Almost three decades ago, Fulmer was a competent blocker on three UT teams that ended their seasons gracing holiday bowl extravaganzas. He served as a team captain his senior year. Phillip spent the next couple of years as a graduate assistant. He was recruited by current Vol athletic director Doug Dickey.

As an offensive guard, Fulmer helped Tennessee to a 30-5 record from 1969-71. The Vols won the SEC championship with a 9-2 record in 1969, went 11-1 and won the Sugar Bowl in 1970 and finished as the Liberty Bowl champions with a 10-2 record in 1971, a season which ended Fulmer's playing career.

Fulmer began coaching as a graduate assistant in 1972. He served as linebacker coach and defensive coordinator for the Tennessee freshman team in 1973 and moved on to Wichita State the following season.

At the time Tennessee hired the Winchester, Tenn., product as offensive line coach, Fulmer was employed at Vanderbilt University as an aide to Commodore Head Coach George MacIntyre in 1979. Before landing in Nashville, he had spent five years at Wichita State, where he coached the offensive line in 1974, served as linebacker coach in 1975 and 1976 and tutored the offensive line again in 1977 and 1978.

Phillip Fulmer Way

In 1980 Fulmer was hired by Johnny Majors, the man he would replace. Majors had heart problems before the 1992 season and Fulmer took over as interim coach. The Vols started 3-0, upsetting Georgia and Florida.

Without telling anyone, Majors reappeared at work after the Florida win, sensing that if he didn't come back, Fulmer might replace him. The Vols then embarked on a three-game SEC losing streak, leading the UT administration to fire Majors. Under difficult conditions, Fulmer took over.

Fulmer has always been a determined recruiter, as evidenced by the steady stream of blue-chip recruits he and his staff have attracted to Knoxville. Since he took over, the Volunteers have produced six first-round NFL draft picks and 34 All-SEC selections, most notably Peyton Manning. For next season, Fulmer has landed A.J. Suggs, another highly touted signal-caller, from Georgia.

98 National Champions

Phillip Fulmer, University of Tennessee head football coach, and Knoxville Mayor Victor Ashe talk at the corner of Phillip Fulmer Way and South Stadium Drive following a special meeting of City Council at which it voted to rename a portion of Stadium Drive as Phillip Fulmer Way. Council renamed Stadium Drive between Cumberland Avenue and Lake Loudon Boulevard to honor Fulmer, whose undefeated team was crowned undisputed national champions last year.

Fulmer " moved the UT football team to the next level while maintaining a clean and honest program that all Volunteer fans can be proud of, " Ashe said. " Renaming this street, which thousands of fans use on football Saturdays to get to Neyland Stadium, is a fitting tribute to Coach Fulmer's accomplishments.
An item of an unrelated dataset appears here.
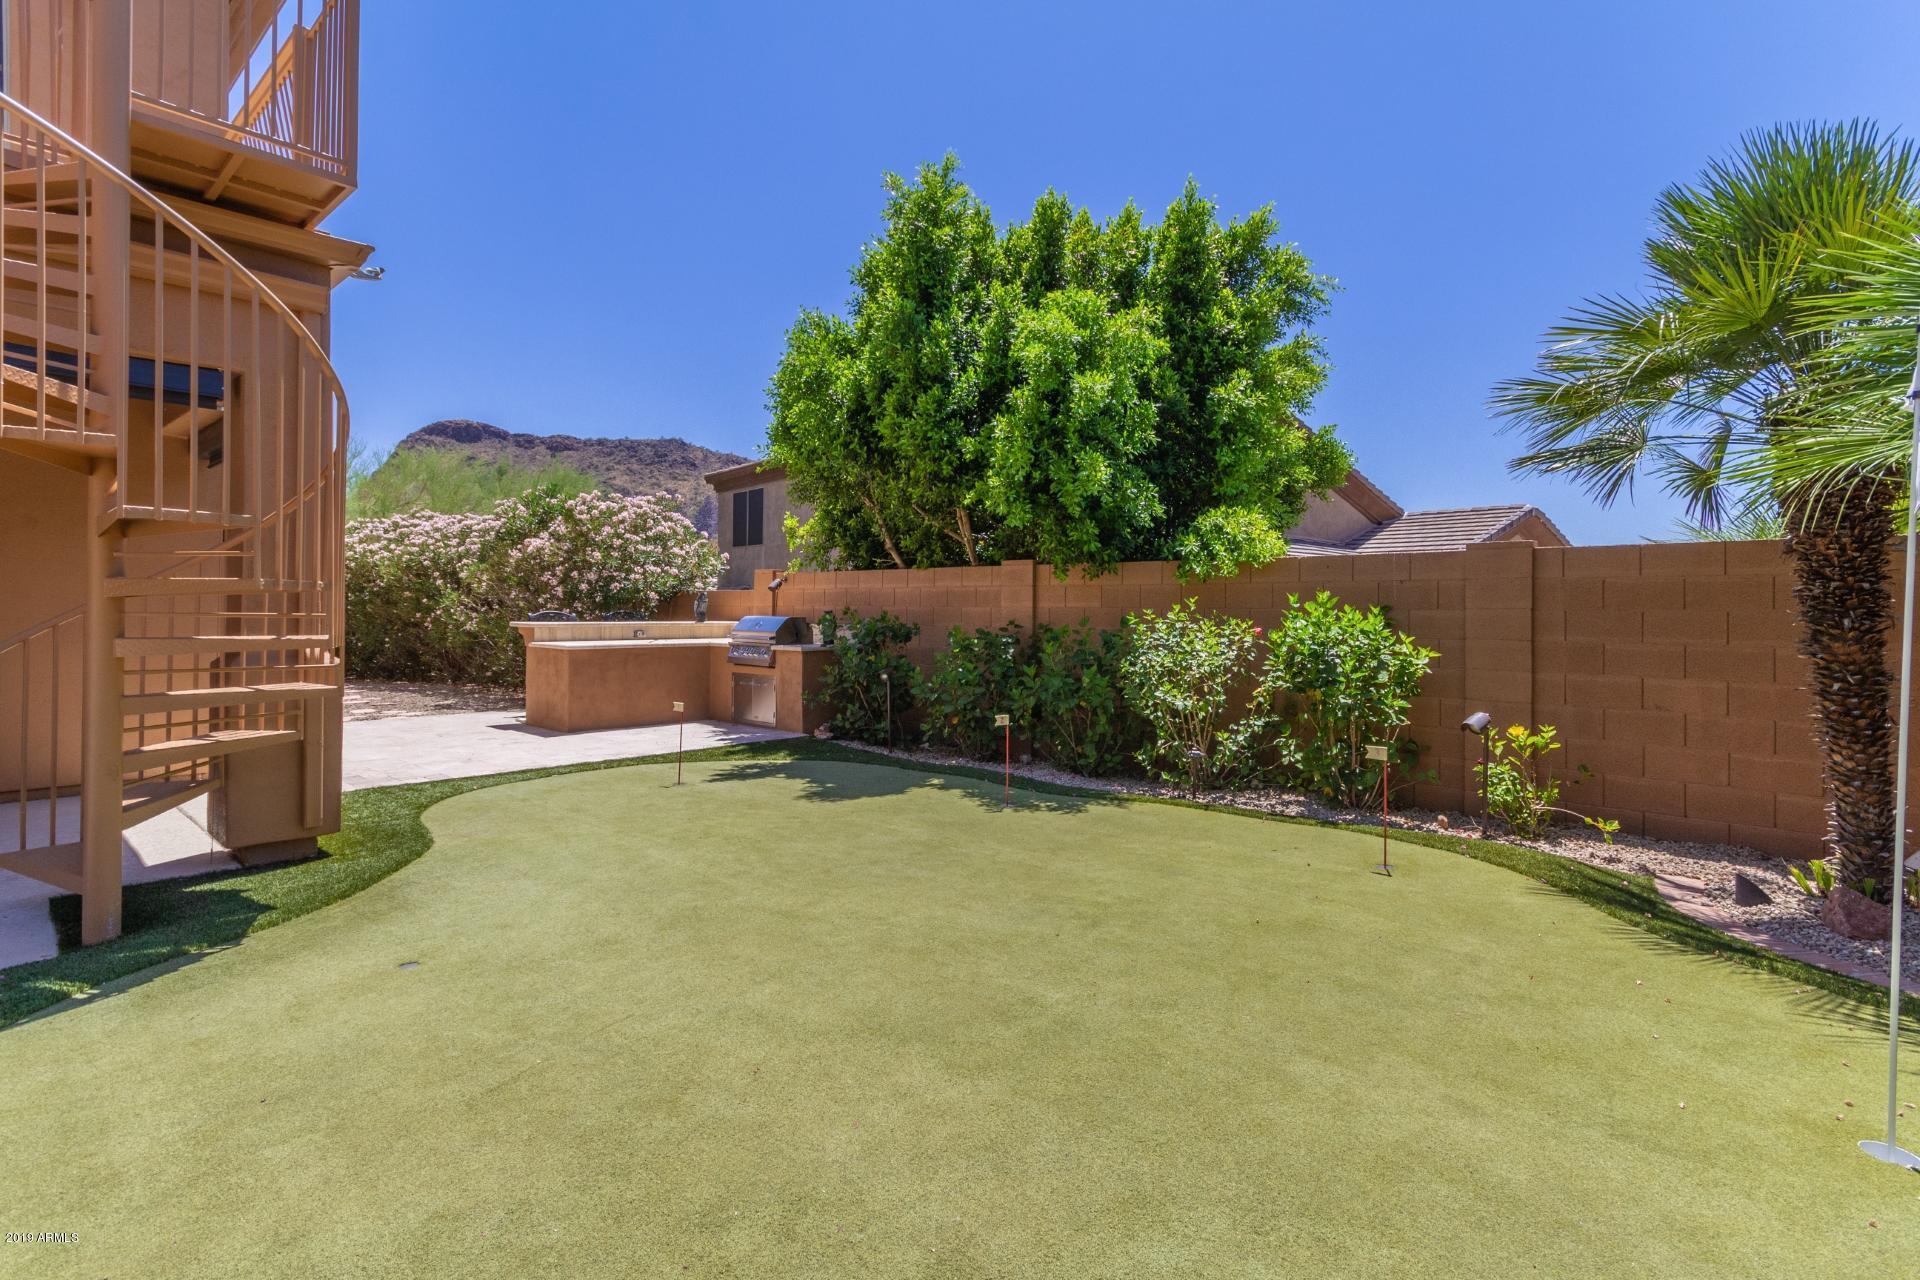 MLS 5941853 14048 E CLINTON Street, Scottsdale, AZ 85259 Scottsdale AZ Private Pool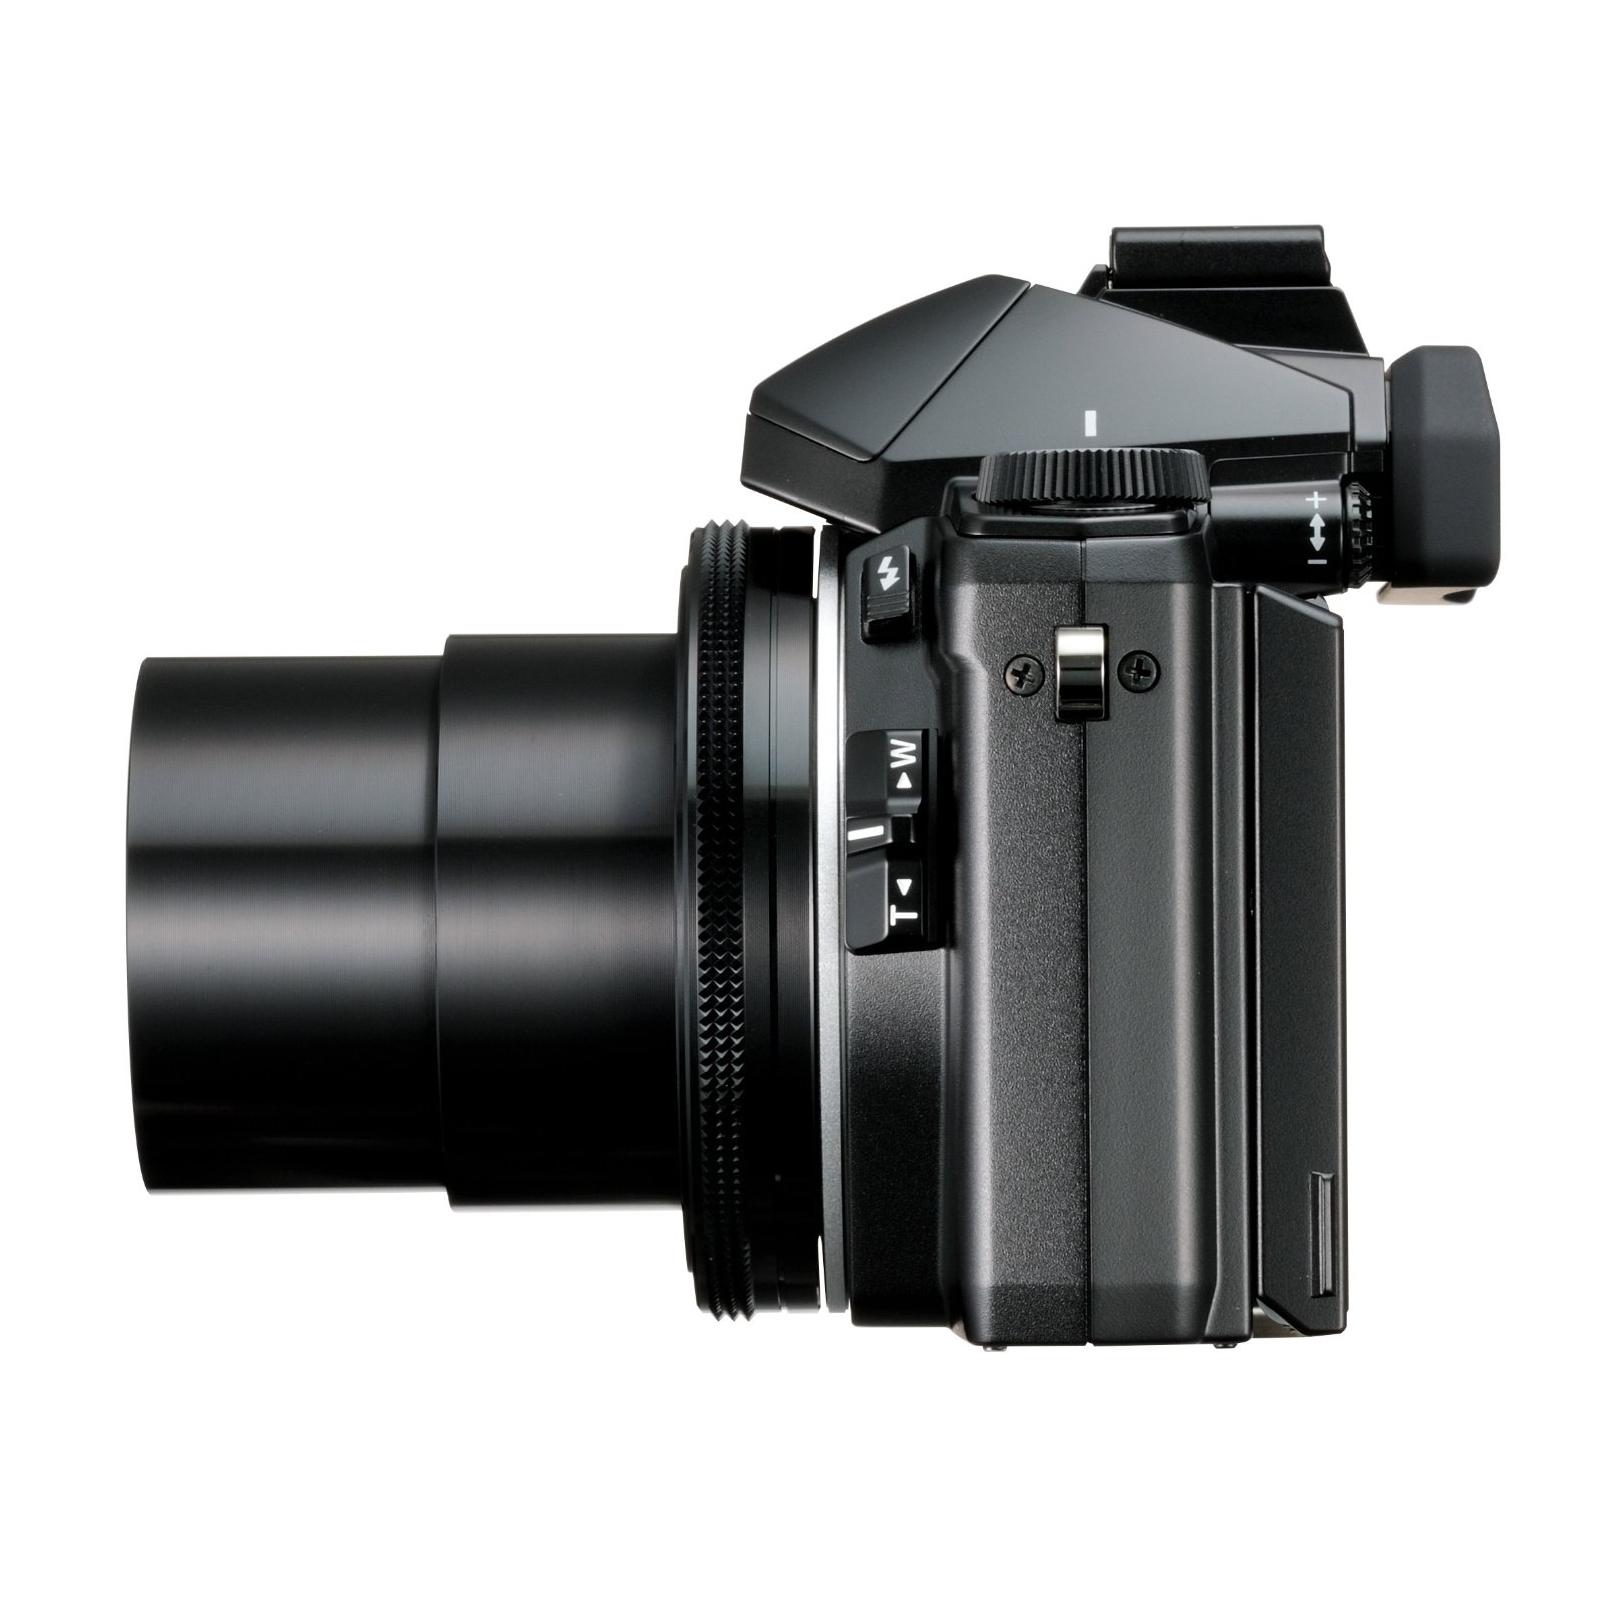 Цифровой фотоаппарат OLYMPUS STYLUS 1 Black (V109010BE000) изображение 9

Two years ago, according to The Atlanta Journal-Constitution, he pulled into a Knoxville gas station where he and an attendant struck up a conversation about the Vols. "Until they get rid of that Fulmer guy, they will never do anything," the attendant said. Fulmer smiled and nodded before speeding away.

Fulmer's philosophy is" Recruit good players, coach them hard with discipline and win football games. That's what we've done. It's worked." Phillip Fulmer said when he took over the head coaching job that he would take the Vol program to the next level and has amassed the best winning percentage of any active Division 1-A coach along the way, he's a player coach of The University of Tennessee. Has he kept his promise? You bet he has!!!